Abstract
Decomposing an exposure effect on an outcome into separate natural indirect effects through multiple mediators requires strict assumptions, such as correctly postulating the causal structure of the mediators, and no unmeasured confounding among the mediators. In contrast, interventional indirect effects for multiple mediators can be identified even when – as often – the mediators either have an unknown causal structure, or share unmeasured common causes, or both. Existing estimation methods for interventional indirect effects require calculating each distinct indirect effect in turn. This can quickly become unwieldy or unfeasible, especially when investigating indirect effect measures that may be modified by observed baseline characteristics. In this article, we introduce simplified estimation procedures for such heterogeneous interventional indirect effects using interventional effect models. Interventional effect models are a class of marginal structural models that encode the interventional indirect effects as causal model parameters, thus readily permitting effect modification by baseline covariates using (statistical) interaction terms. The mediators and outcome can be continuous or noncontinuous. We propose two estimation procedures: one using inverse weighting by the counterfactual mediator density or mass functions, and another using Monte Carlo integration. The former has the advantage of not requiring an outcome model, but is susceptible to finite sample biases due to highly variable weights.
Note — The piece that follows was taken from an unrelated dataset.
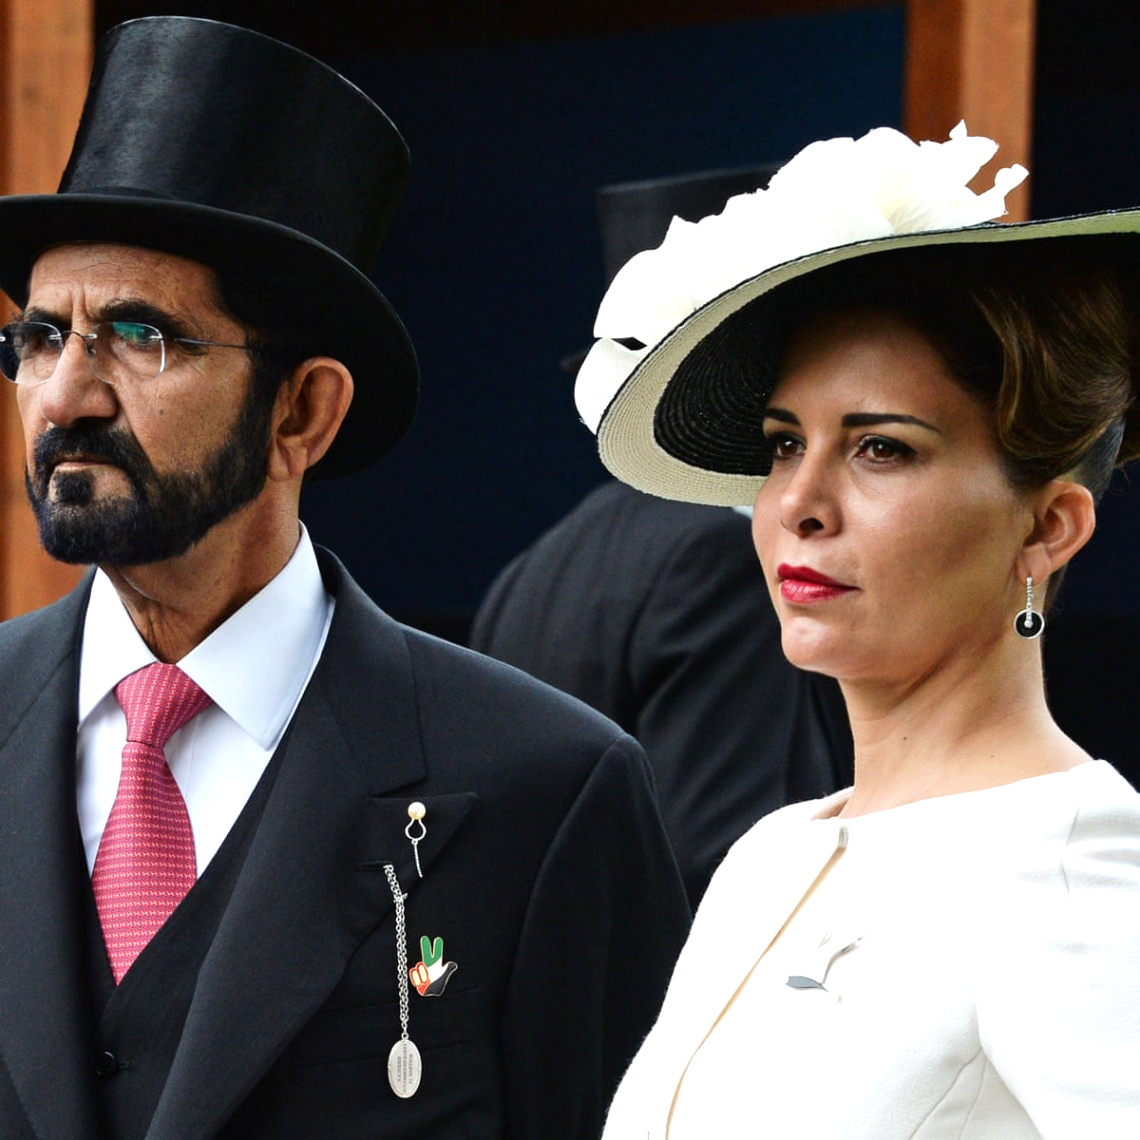 ruler of dubai ordered to pay divorce settlement that could exceed 500m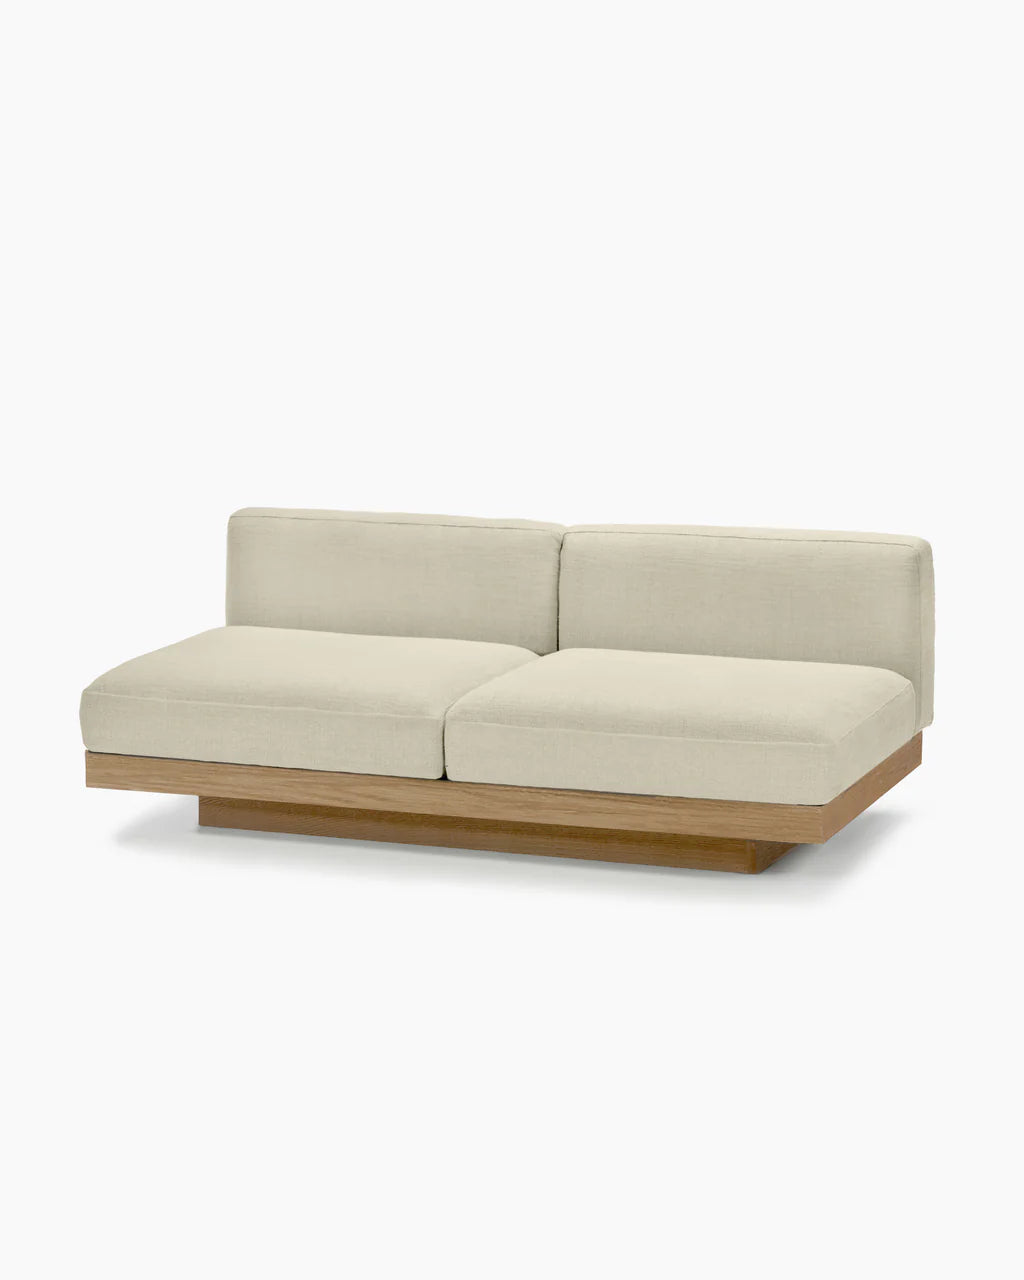 Two Seater Beige Outdoor Sofa

The latter has the advantage of consistent estimation under a correctly specified (parametric) outcome model, but is susceptible to biases due to extrapolation. The estimators are illustrated using publicly available data assessing whether the indirect effects of self-efficacy on fatigue via self-reported post-traumatic stress disorder symptoms vary across different levels of negative coping among health care workers during the COVID-19 outbreak.
Funding source: Research Foundation - Flanders (FWO)
Award Identifier / Grant number: G019317N
Acknowledgments
The authors would like to thank the Editor, and three reviewers, for their comments on prior versions of this manuscript. Computational resources and services were provided by the VSC (Flemish Supercomputer Center), funded by the FWO and the Flemish Government - department EWI.
Research funding: This research was supported by the Research Foundation - Flanders (FWO) under Grant G019317N.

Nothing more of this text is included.